The play, in turn, inspired a 16-minute documentary film of the same name that makes its local debut at 4:30 p.m. Sept. 10 at Southside Works Cinema as part of Pittsburgh’s fifth annual ReelAbilities Film Festival. The event, which runs through Sept. 13, focuses on films that promote awareness and appreciation of the lives, stories and artistic expressions of individuals with disabilities.

“When I would do readings of it or workshops of it,” Ann said about the stage version, “I never wanted Woody to see me doing it around other people. Because it’s so emotional, I just felt like it was too much for him. And so I thought to myself, maybe it would be really cool if I read it to him sometime, and I’ll have somebody videotape me reading it to him, because his reactions will be so beautiful.”

The idea eventually led her to the filmmaking team of Seth Kramer, Daniel A. Miller and Jeremy Newberger, who captured the Talmans together on July 1, 2015, before spending the next year on editing toward the final product.

“Then they started submitting it to film festivals, and next thing you know, it’s getting in all these festivals, and now it’s eligible for an Oscar,” Ann said. “And they’ve told me that out of all the documentaries they’ve ever made, they’re most proud of this one.”

In the film, which premiered in April at the Tribeca Film Festival in New York City, her readings are interspersed with still photos and an impressive assortment of video footage, such as the Kennywood scene, that help illustrate the narrative substantially.
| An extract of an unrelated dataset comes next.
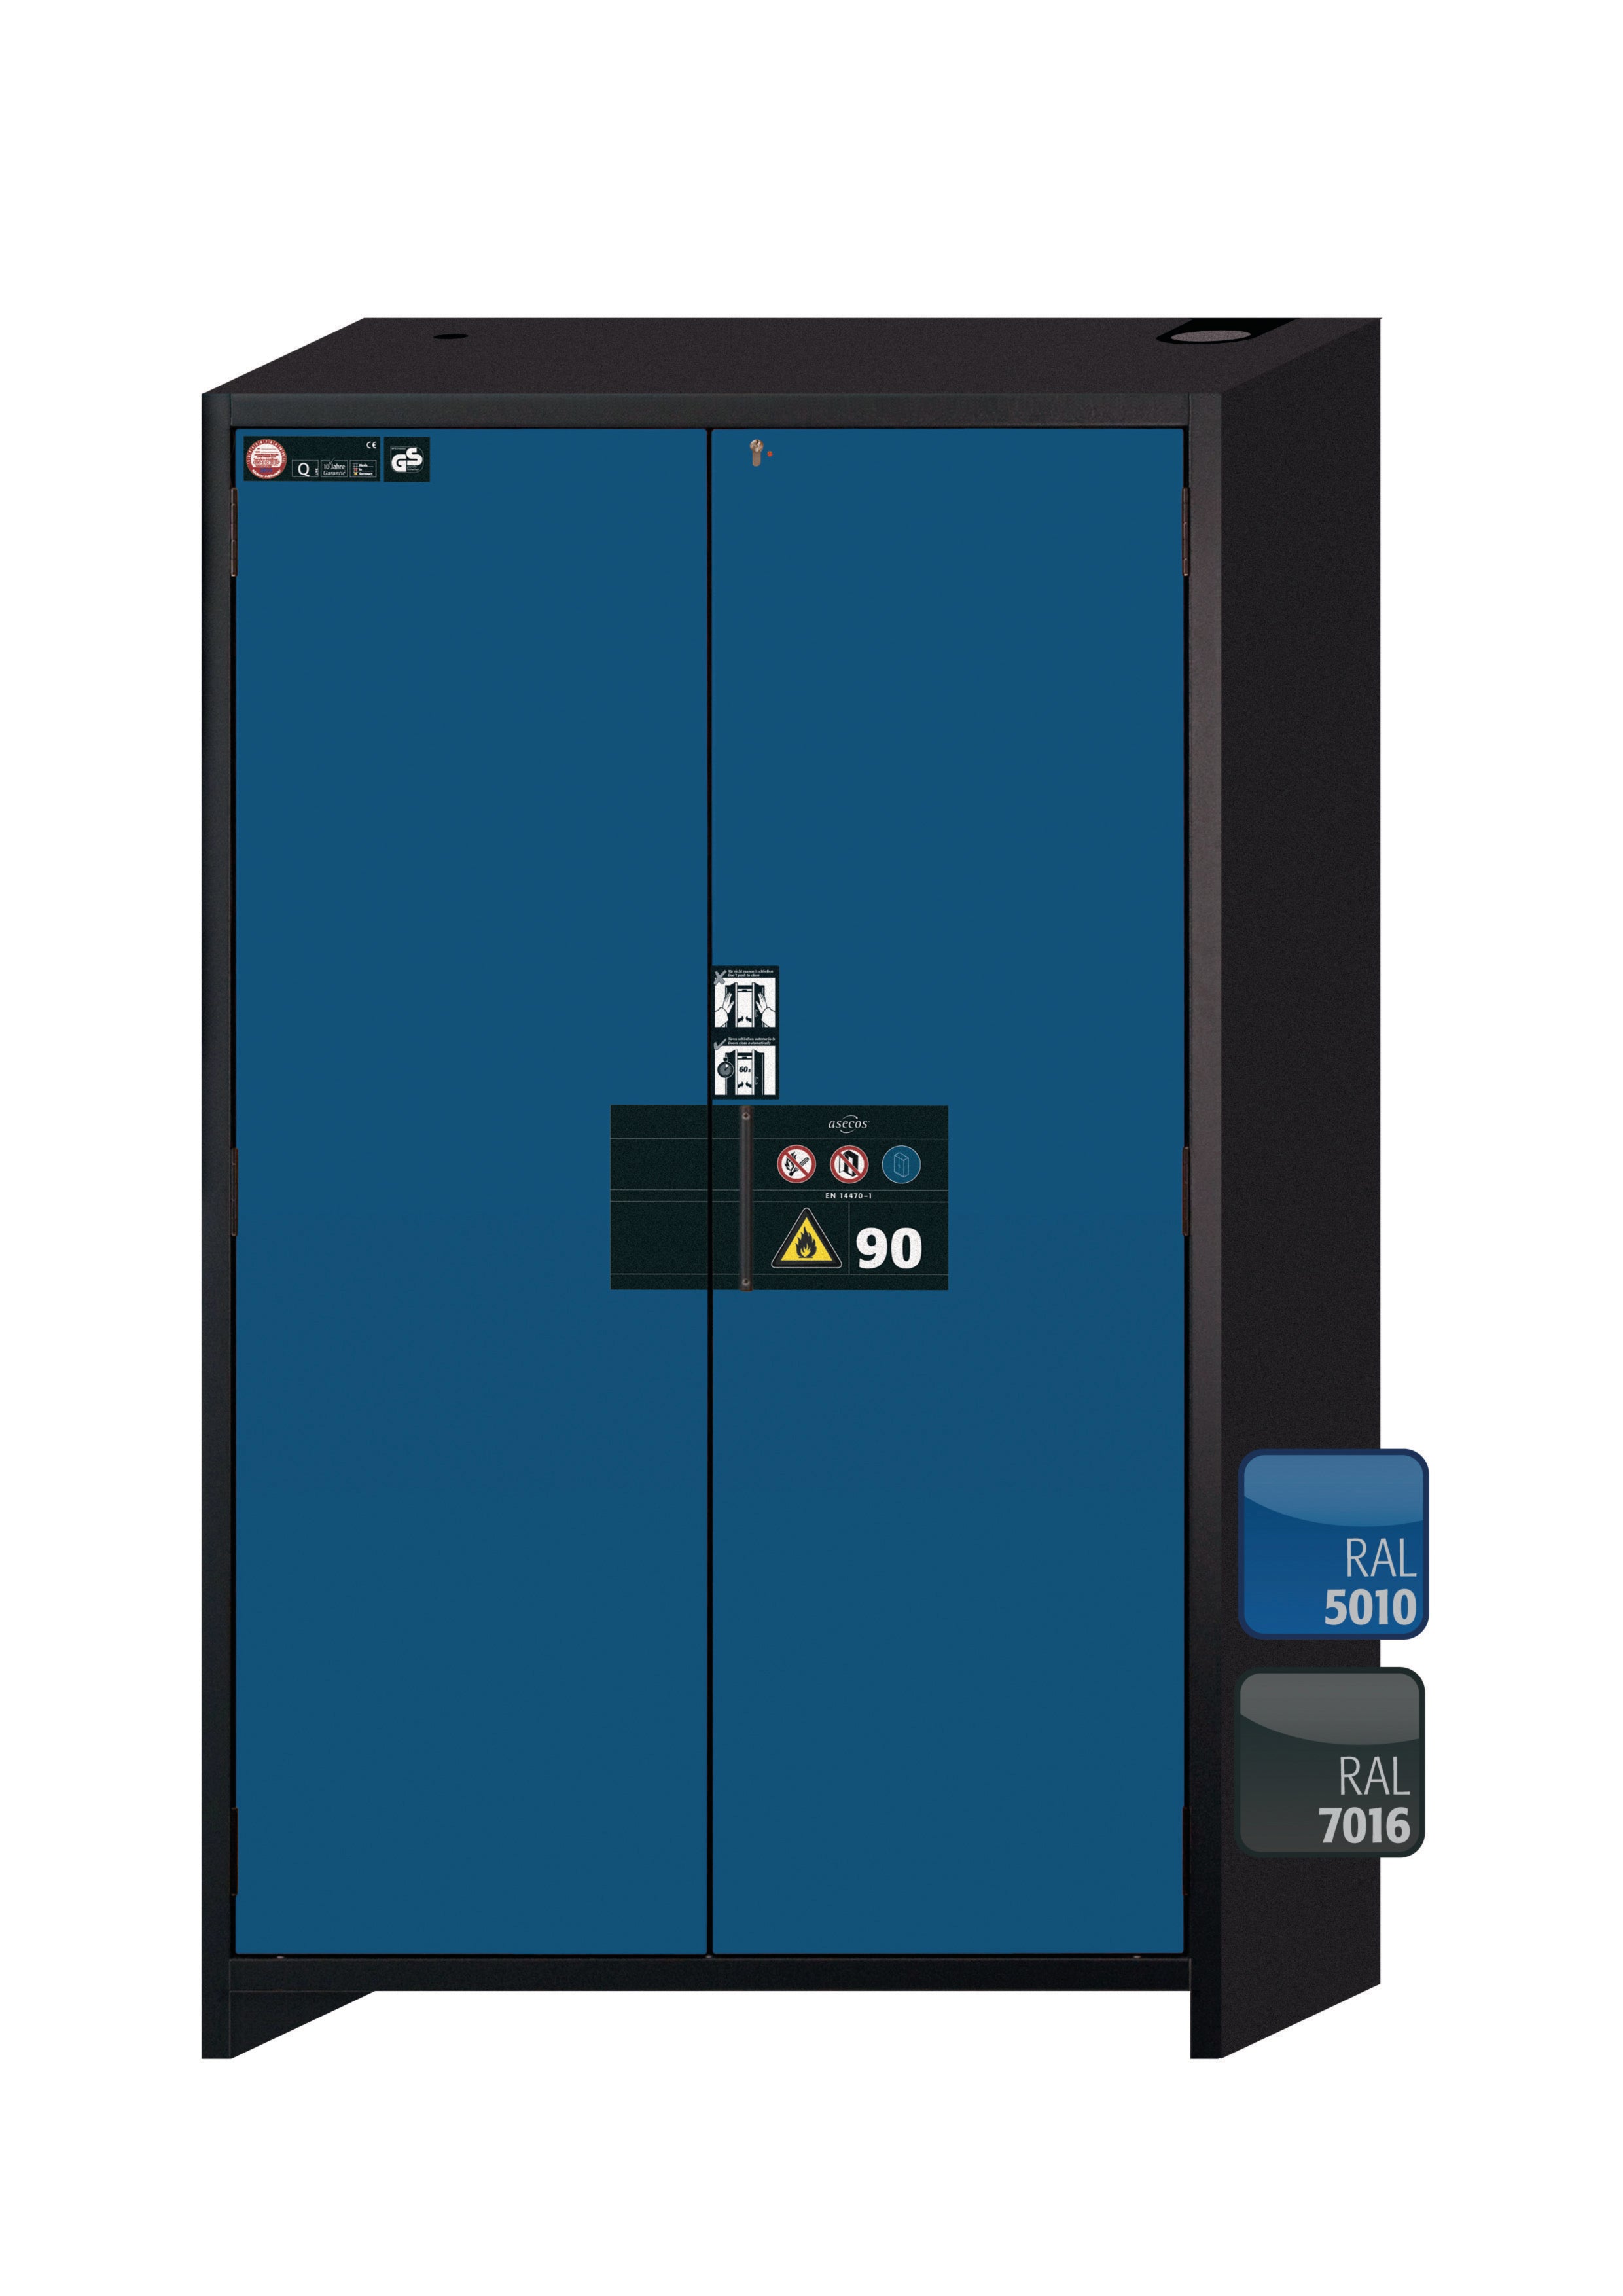 Type 90 safety storage cabinet Q-PEGASUS-90 model Q90.195.120.WDAC in gentian blue RAL 5010 with 2x tray shelf (standard) (polypropylene),

“When I pitched the idea of the documentary to the guys who made it with me, they said, ‘Oh, by the way, do you have any old home movies?'” she recalled. “And I said, ‘Oh, my gosh, do I!’ My mother took home movies from the day she got her camera until the day she died. So I had them from, I’d say, 1950 through 1977. What you see in the documentary is the tip of the iceberg.”

Except for a precious few times, Martha Richardson Talman was behind the camera.

“But she became a presence through those home movies, because as I watched them, I realized how she was looking at me and how she was trying to capture my love of Woody and our incredible bond by what she did,” Ann explained.

Martha, she acknowledged, was prone to depression.

“She was the mother of a handicapped child at a time when there weren’t support groups,” she said. “There wasn’t the internet. There weren’t even psychiatrists who could help you with that, because it was a like a stigma. And she also, I think, would have felt guilty that she needed help because it was so much about him. She was alone, and it really broke her.”

As she relates in her play and the documentary, Ann also has encountered stressful situations, especially during the point of her life in which she was caring for both Woody and her aging father while simultaneously pursuing her acting career.

“I just hope that people will take from it,” she said about the film, “that whatever challenges you’re facing in your life, particularly love and commitment can really give you strength. And family.”